А Умка выучился на моториста – и поминай как звали.
Звали его, кстати, Василий Иванович.
На Северном флоте моториста Василия Ивановича Умкы сразу обломали, как умеет обламывать, собственно, только Северный флот, чем обоснованно гордится – с некой, впрочем, горечью, ибо гордиться тут в принципе нечем. Но если нечем, будем гордиться тем, что есть.
Умка в мечтах видел себя механиком если не на крейсере, то уж минимум на фрегате. Ну ладно, на спасателе, это тоже вам не шуточки, если кто понимает. В суровой реальности Северного флота Умка оказался мотористом развозного катера. Тоже морская служба. Кто-то ведь должен?

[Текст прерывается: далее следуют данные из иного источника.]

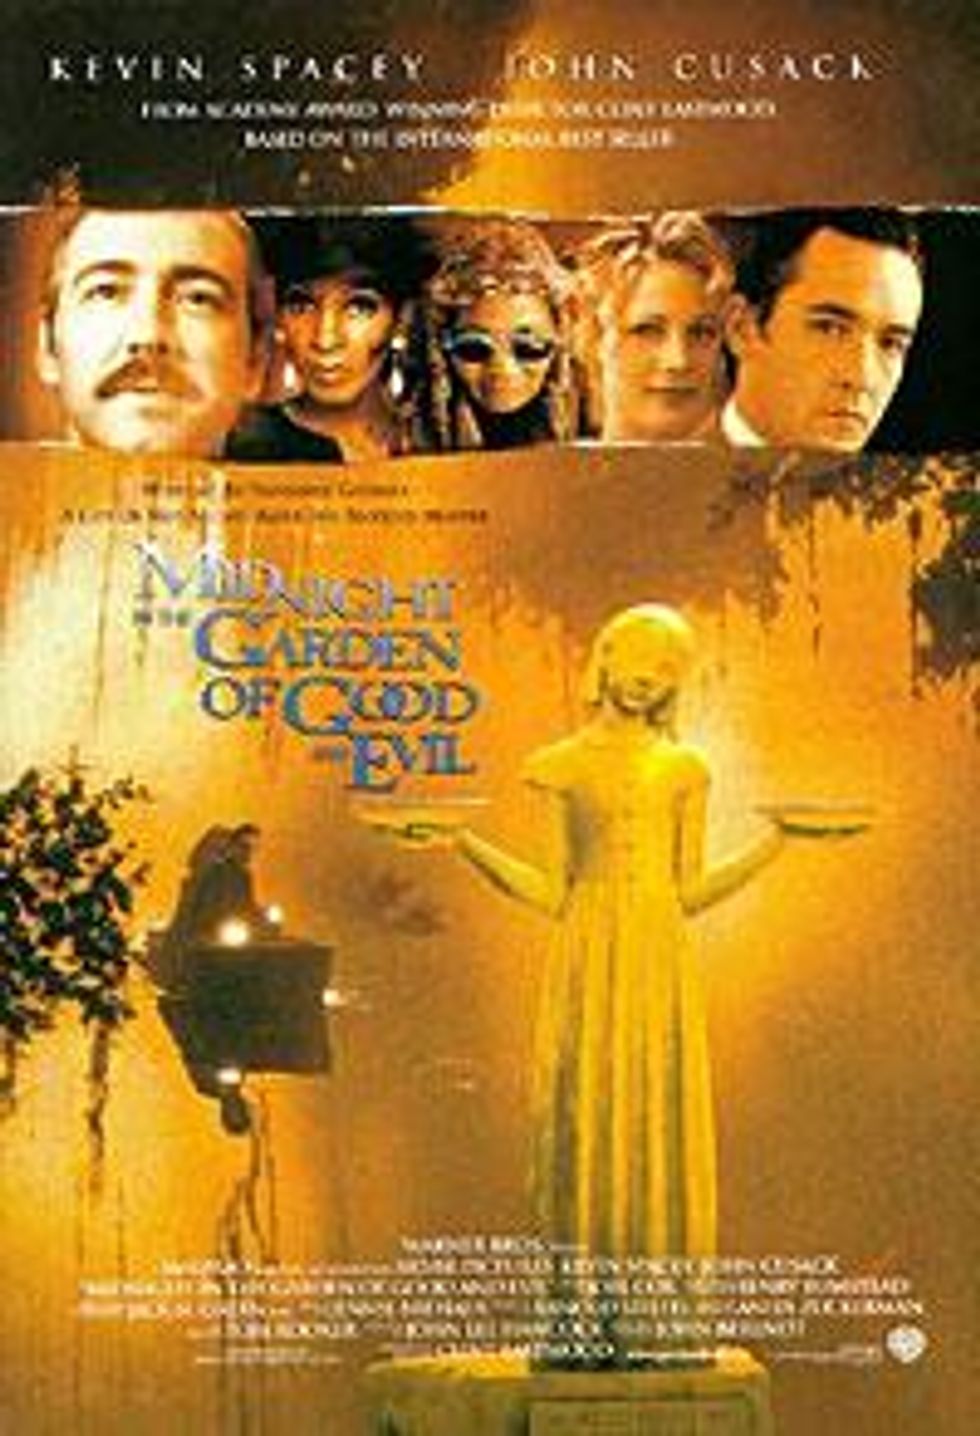 Midnight_in_the_garden_of_good_and_evilx200_0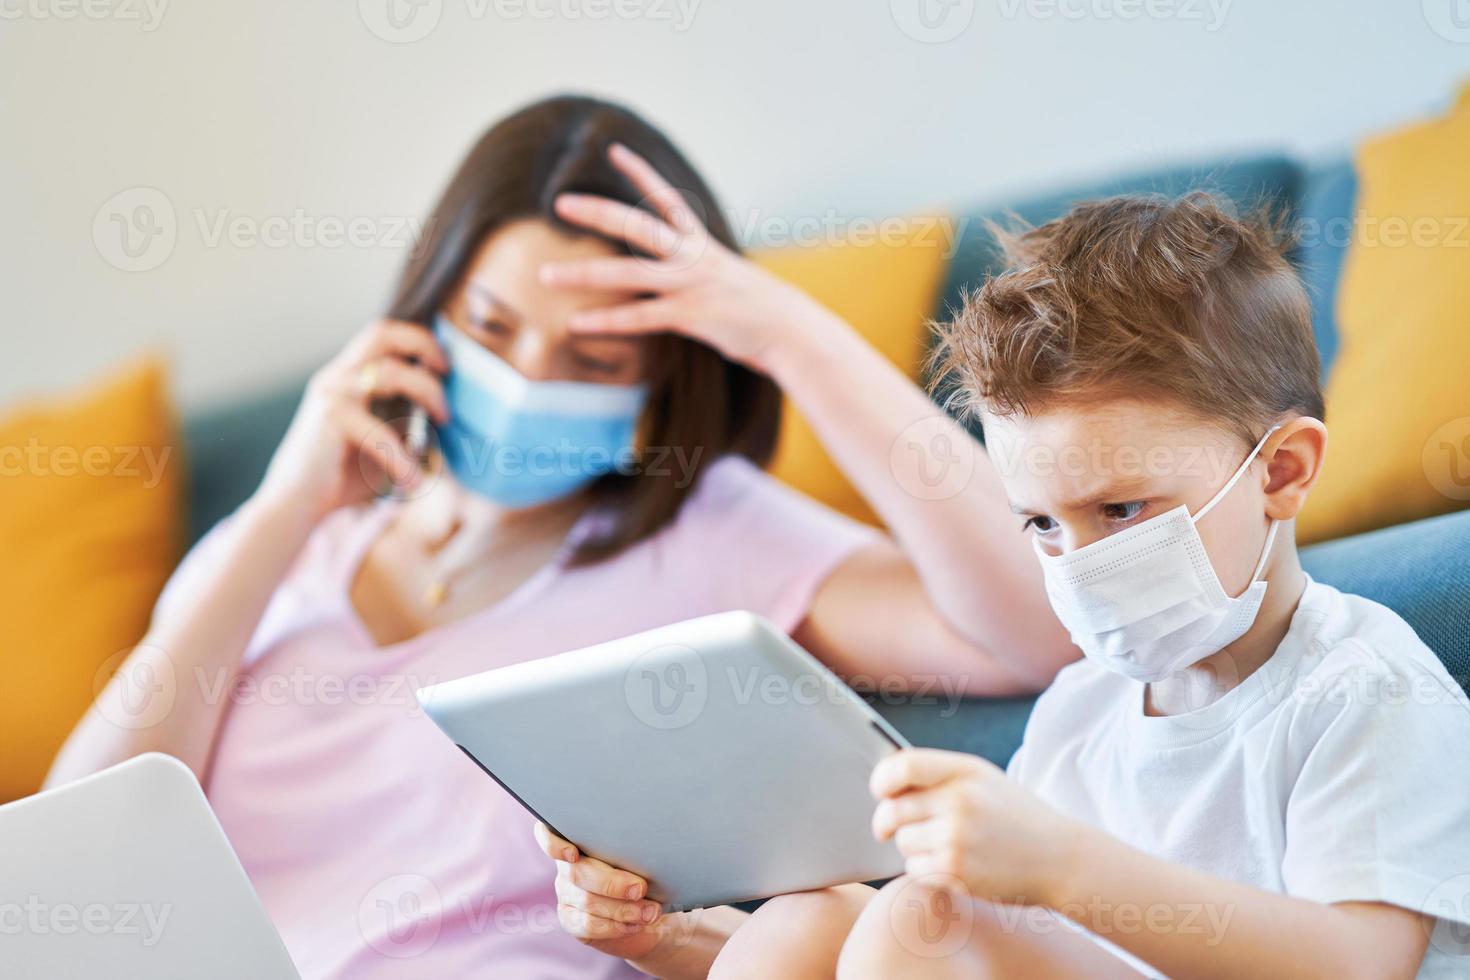 Boy and exhausted mother trying to work at home during coronavirus pandemic photo

Почему не ты?..
Приняли его на катере хорошо, по-свойски, и вполне бы он освоился, и спокойно ждал бы, когда откроется вакансия на кораблике побольше, кабы не одна неприятность. Половину каждой вахты Умка шаманил над изношенным дизелем, еще половину травил за борт. Коллеги относились к его беде философски. Называли приступы морской болезни ласково: «Умка ищет друга». Говорили, на такой блохе любого затошнит, а кого не затошнит, тот, значит, еще на причале блеванул со страху. Говорили, это не мы придумали, а однажды на катере прокатился командующий флотом – и такие вот произнес исторические слова. Правда, его самого вроде не тошнило, ну так он командующий. Он если чихнет, катер утонет.
Умка держался стоически, рассчитывая, что организм привыкнет.
Организм крепко стоял на своем и не привыкал.
«Ничего, – думал Умка, – однажды это кончится. Либо служба на катере, либо тошнота». Зато рядом было море, и оно говорило, шептало ласково, обещало дальние пути, небывалые приключения, громкую славу.
Море не подведет, Умка верил.
В середине лета, сразу после внезапной проверки, дежурный тягач батальона аэродромного обеспечения захворал.
Внезапная проверка боеготовности войск это обычно такая история, а иногда и трагедия, после которой всем худо. Но тягачу поплохело на полном серьезе: он лежал, вид имел грустный, дышал тяжело, есть не хотел, на знакомые лица не реагировал.